I've been working on a project called CPE for the past eight months, and I've used it daily since day one. What started as a simple chat-based code editor — inspired by aider back in July 2024, which in AI years is a lifetime ago — has evolved into something quite different: a general-purpose, self-assembling agent harness that power users can configure exactly the way they want.

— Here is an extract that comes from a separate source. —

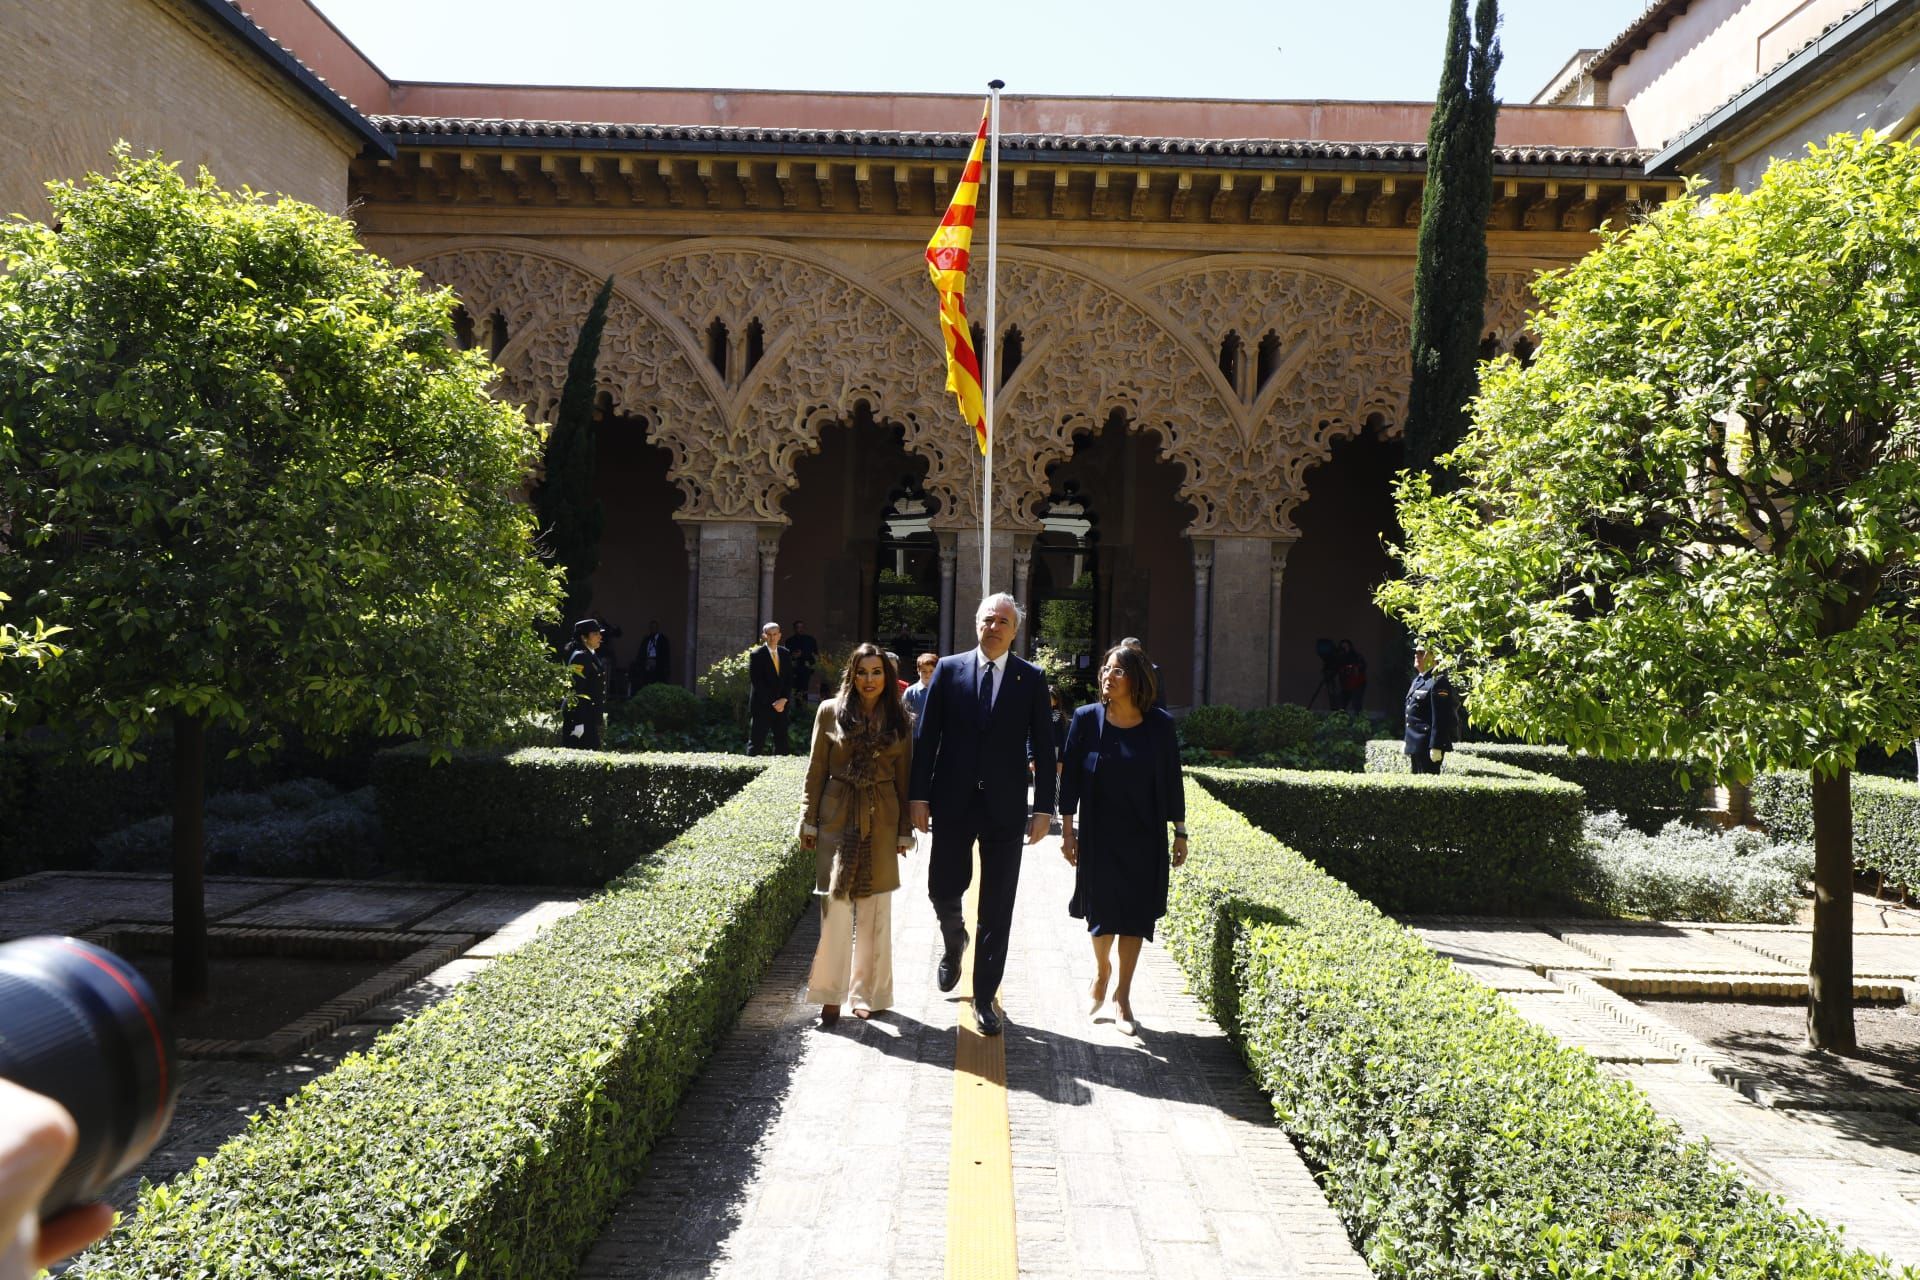 EN IMÁGENES | Acto institucional del Día de Aragón 2024 en La Aljafería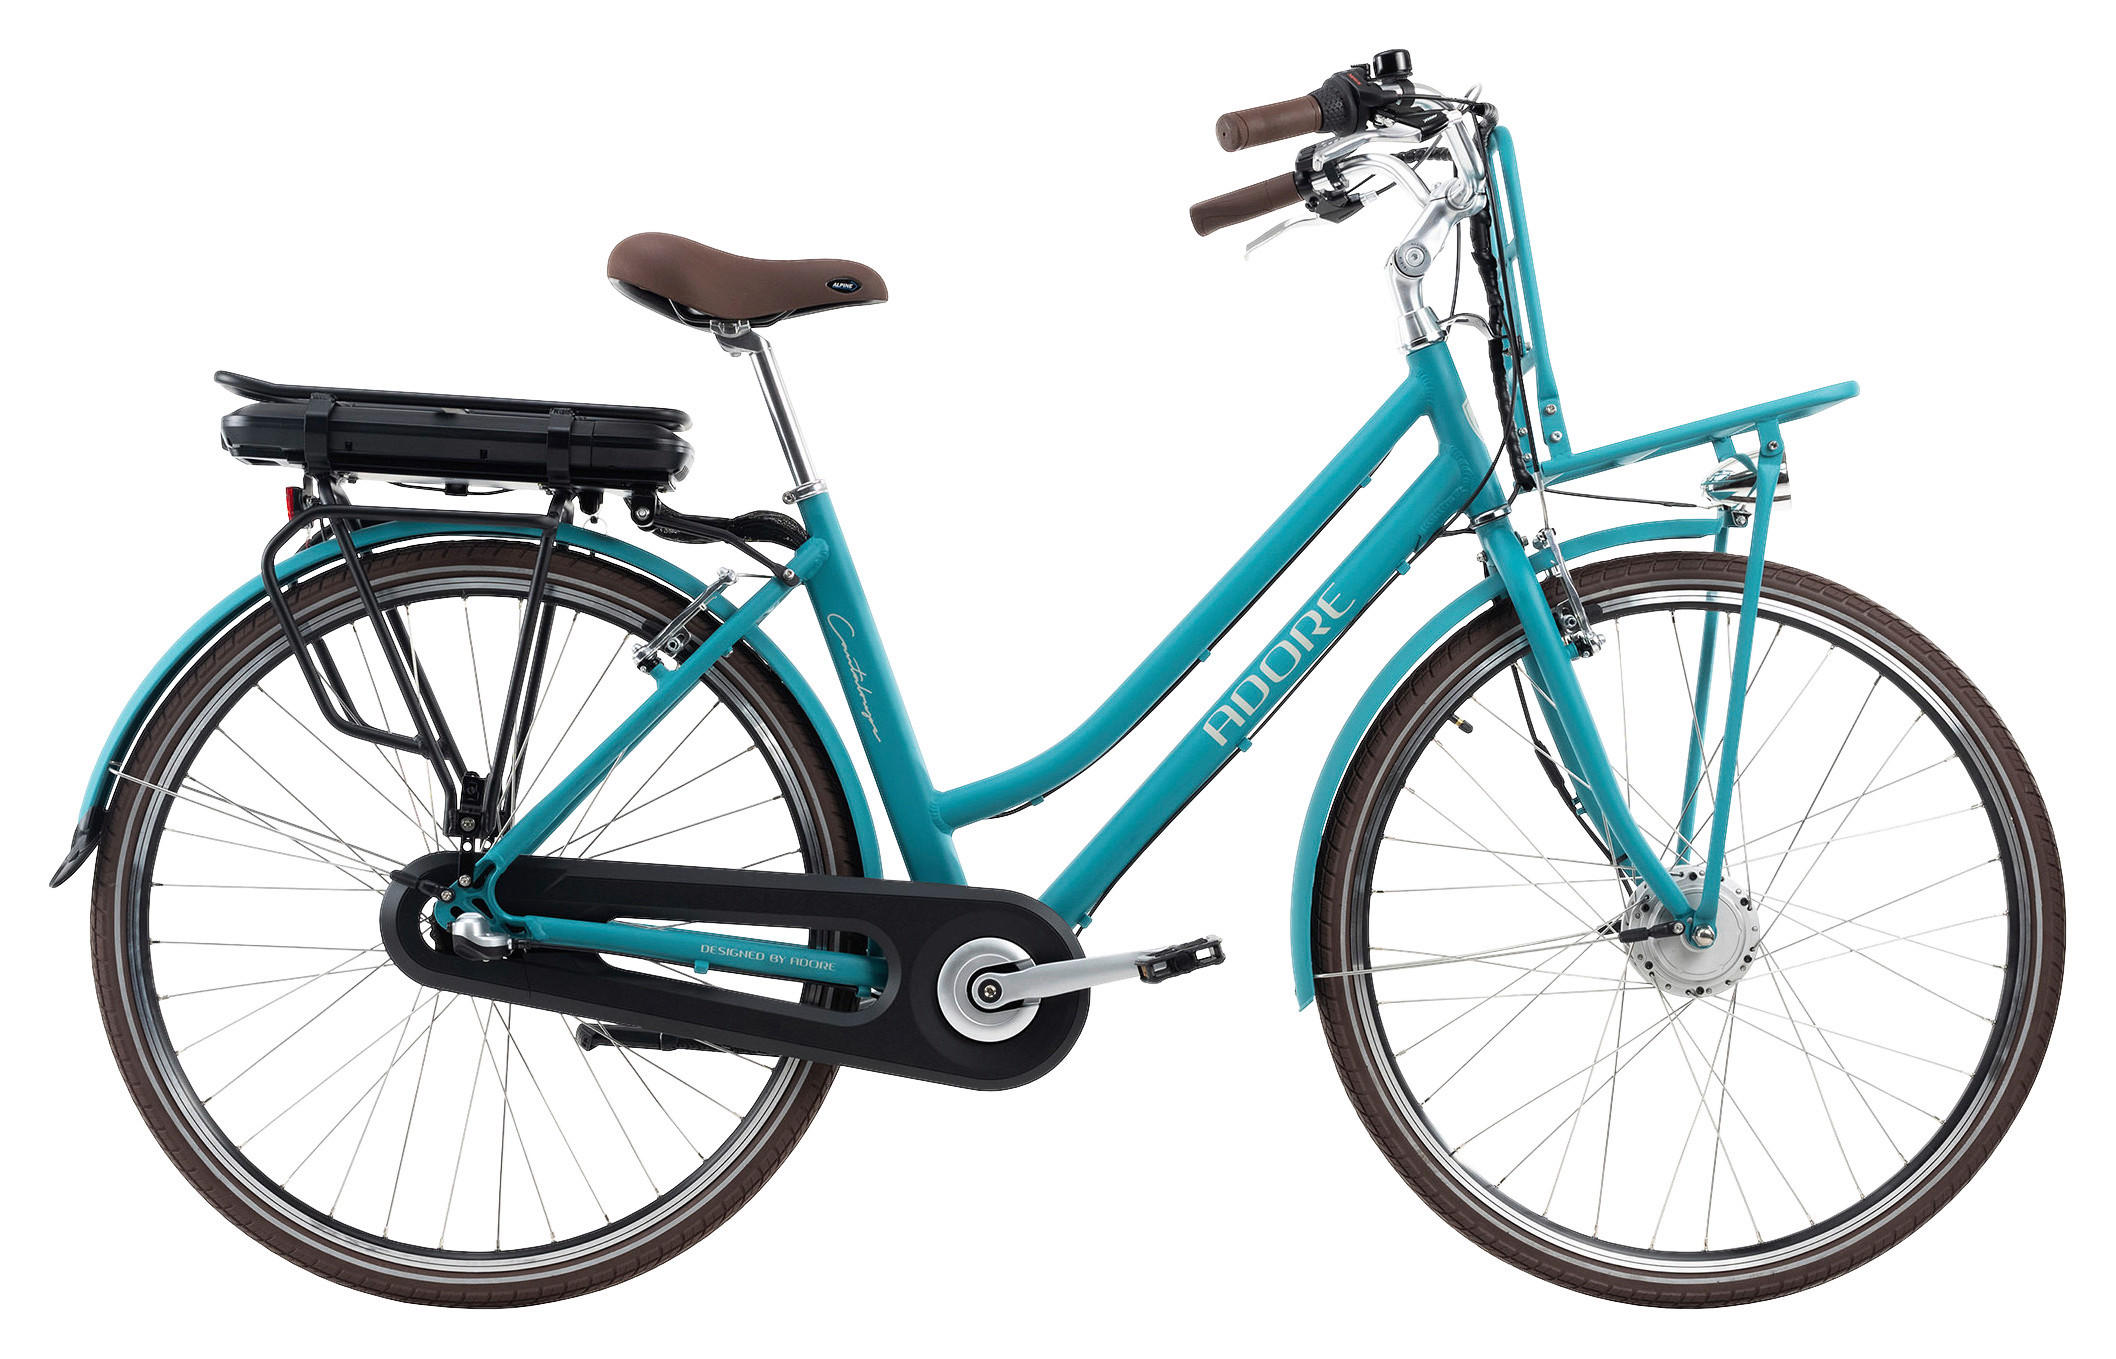 ADORE City-Bike Adore Cantaloupe ca. 250 W ca. 36 V ca. 28 Zoll

Today, CPE lets you define your own system prompts, connect any tool via MCP with selective filtering, compose agent skills, manage conversations with forking and cross-model resumption, and — most importantly — run a Code Mode where the AI writes and executes Go programs that call your tools as typed functions. But it took a while to get here.

The Problem

CPE was born before the era of sidebar agents like Cursor's Composer or Windsurf's Cascade, and before the command-line agents that are everywhere today. At the time, most code assistants used only a fraction of the available context window, relying on semantic search to save on tokens — understandable when plans were subscription-based rather than pay-as-you-go.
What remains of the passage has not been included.